Y su sensibilidad lo enciende de nuevo cuando la nostalgia lo lleva de vuelta a un lejano promontorio sobre la playa, donde una bella muchacha le reveló el secreto del amor por primera vez; esa mujer que, al final, vuelve a mostrarle sus pechos, como si fueran el comienzo del mundo, como si, por ellos, acariciara de nuevo a la madre de todas las mañanas, cuando todavía no estaba suelta la estupidez humana que lo estranguló por cuarenta años.

La sensibilidad inunda a Jep, y lo impulsa a expresar, a escribir, cuando vuelve al primer amor a la vera de un faro. Frente al mar. Como fue antes. Y es ahora.

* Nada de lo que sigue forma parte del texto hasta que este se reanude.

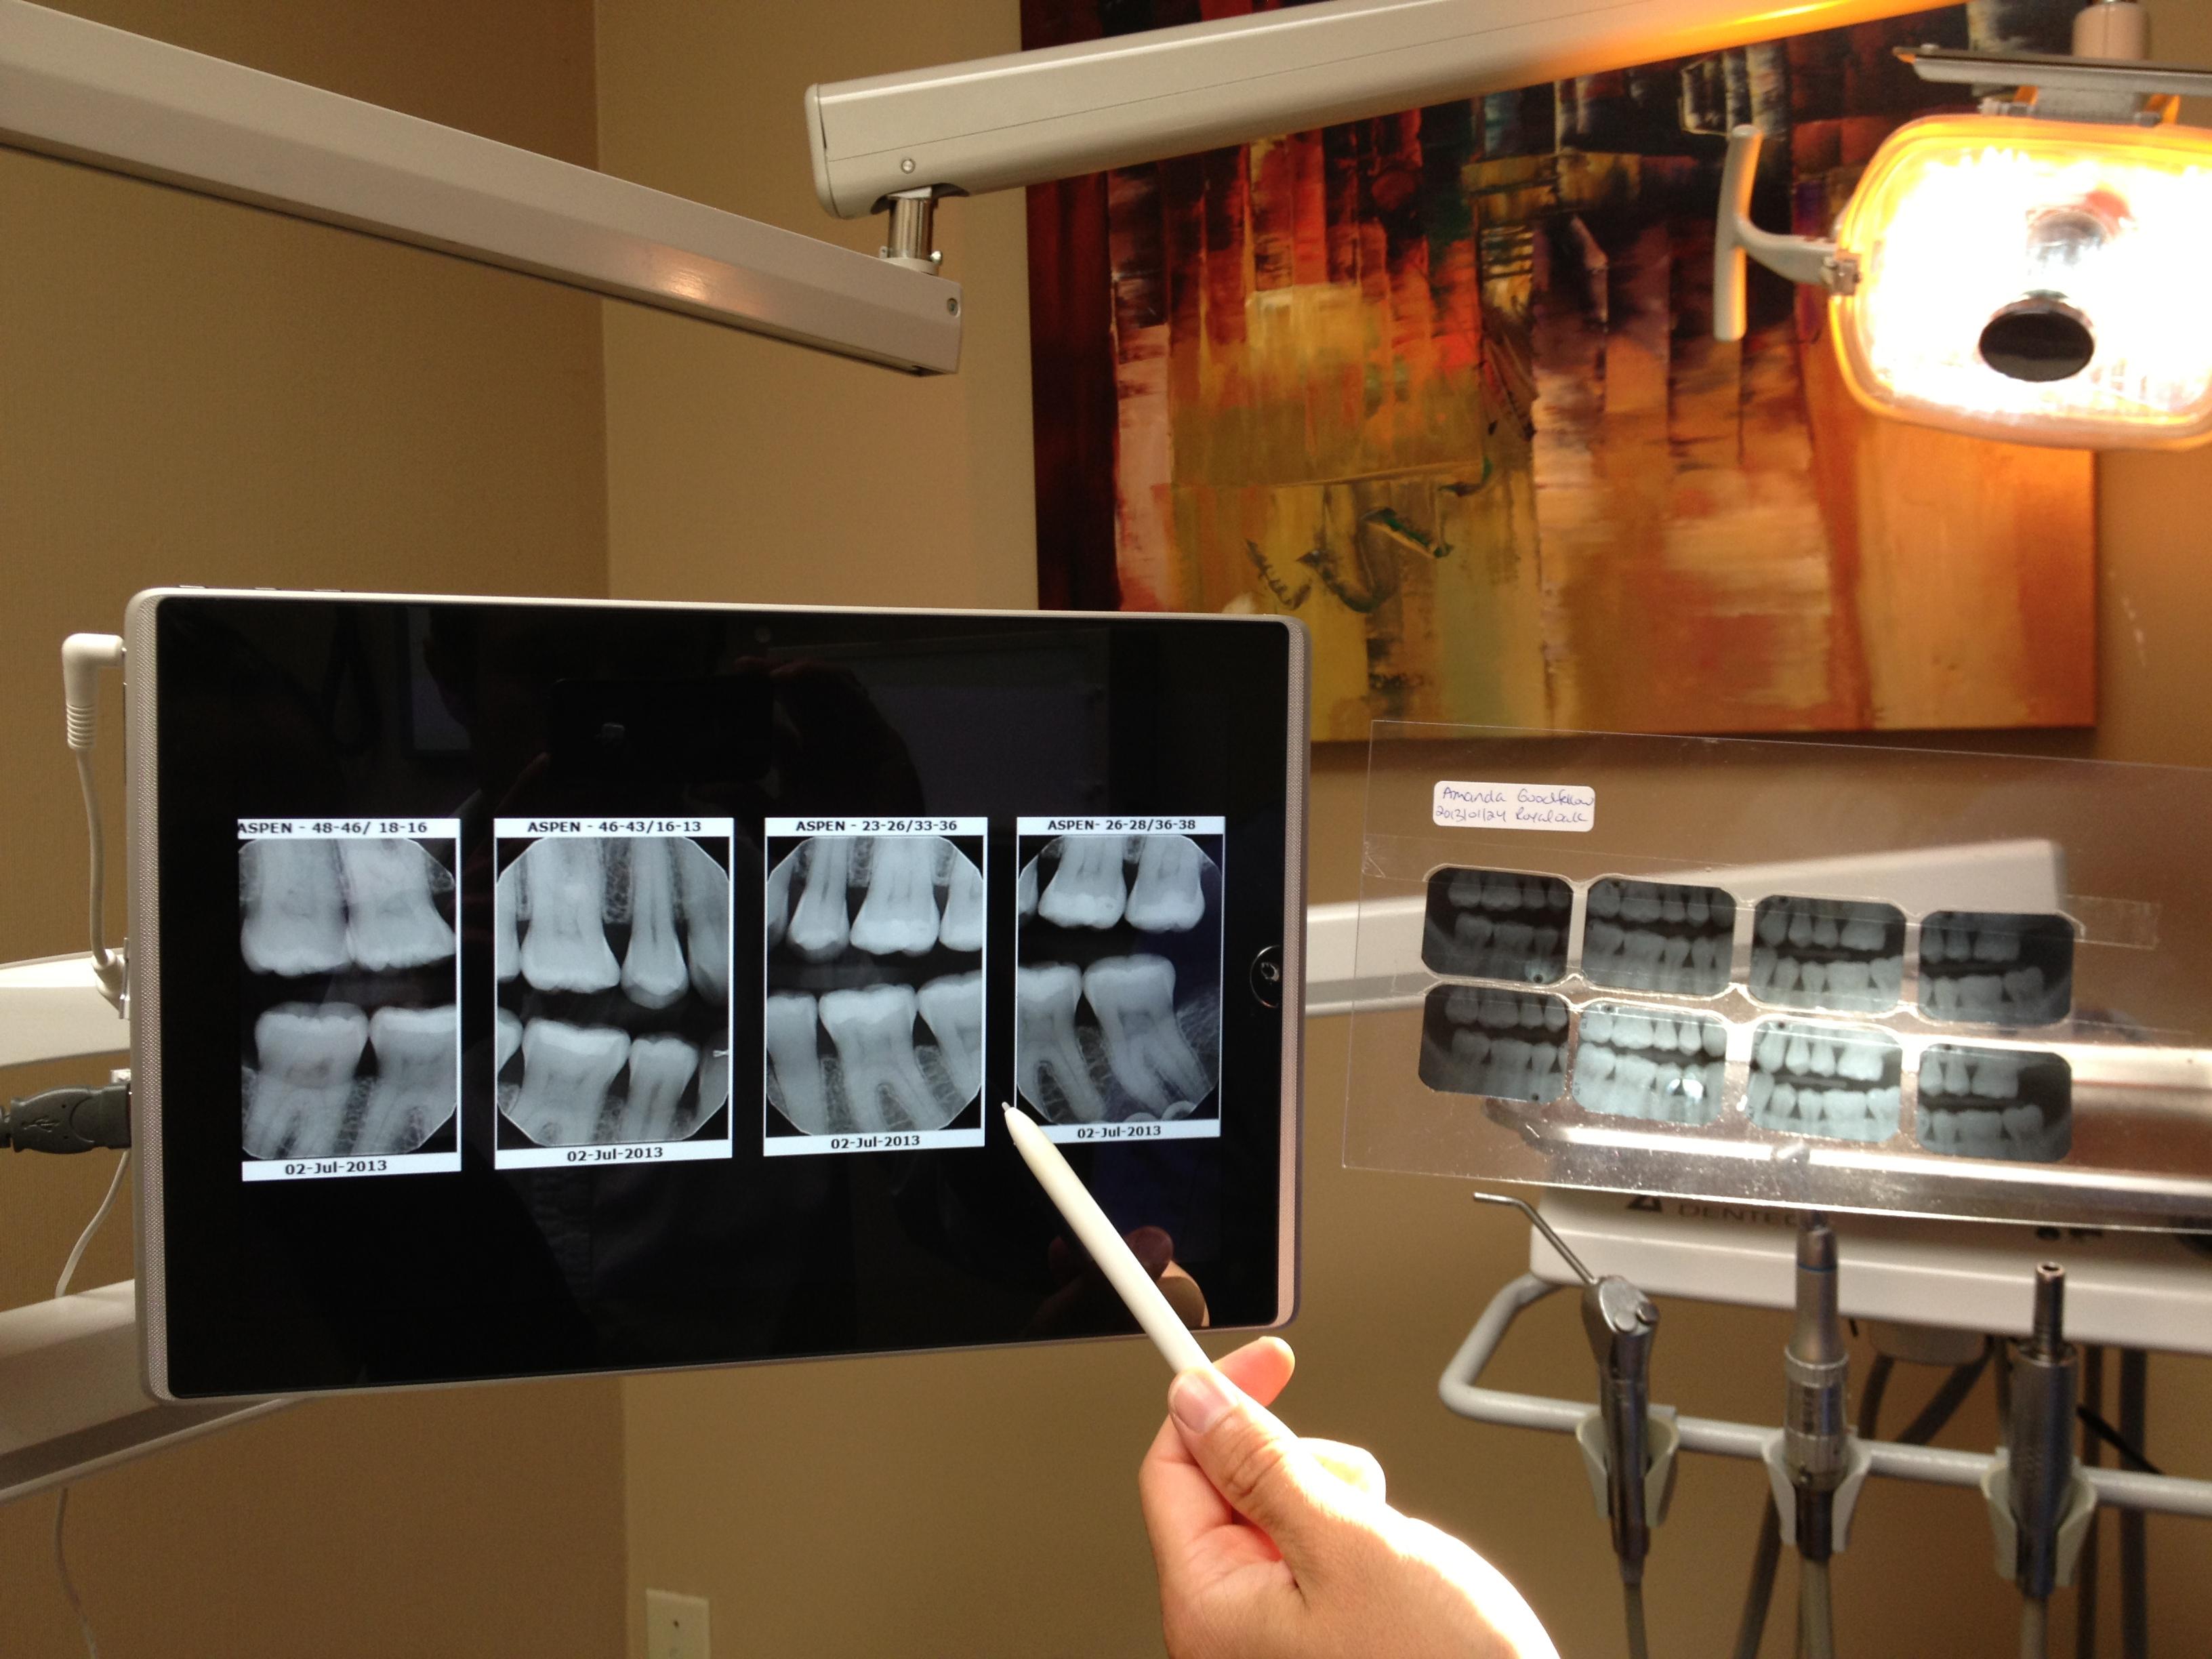 Trust informed dentist treatment services parkway dental old analog x ray comparison vs digital x rays solutioingenieria Choice Image

Como una breve primavera de pureza que lo limpia de esa indiferencia a lo humano y al mundo que es propia de la frialdad decadente.

Las palabras tapan el silencio. Pero cuando las palabras asumen su ilusión, con sus trucos bellos dejan pasar algo. Es lo que ahora puede saber el artista recuperado, Gambarbella, que ya no escapará del regreso a lo profundo, a la mujer, a las raíces por las que aparece la vida, a las sensaciones finas y hondas en las que, debajo de las palabras, pasa algo, algún destello, de una gran belleza.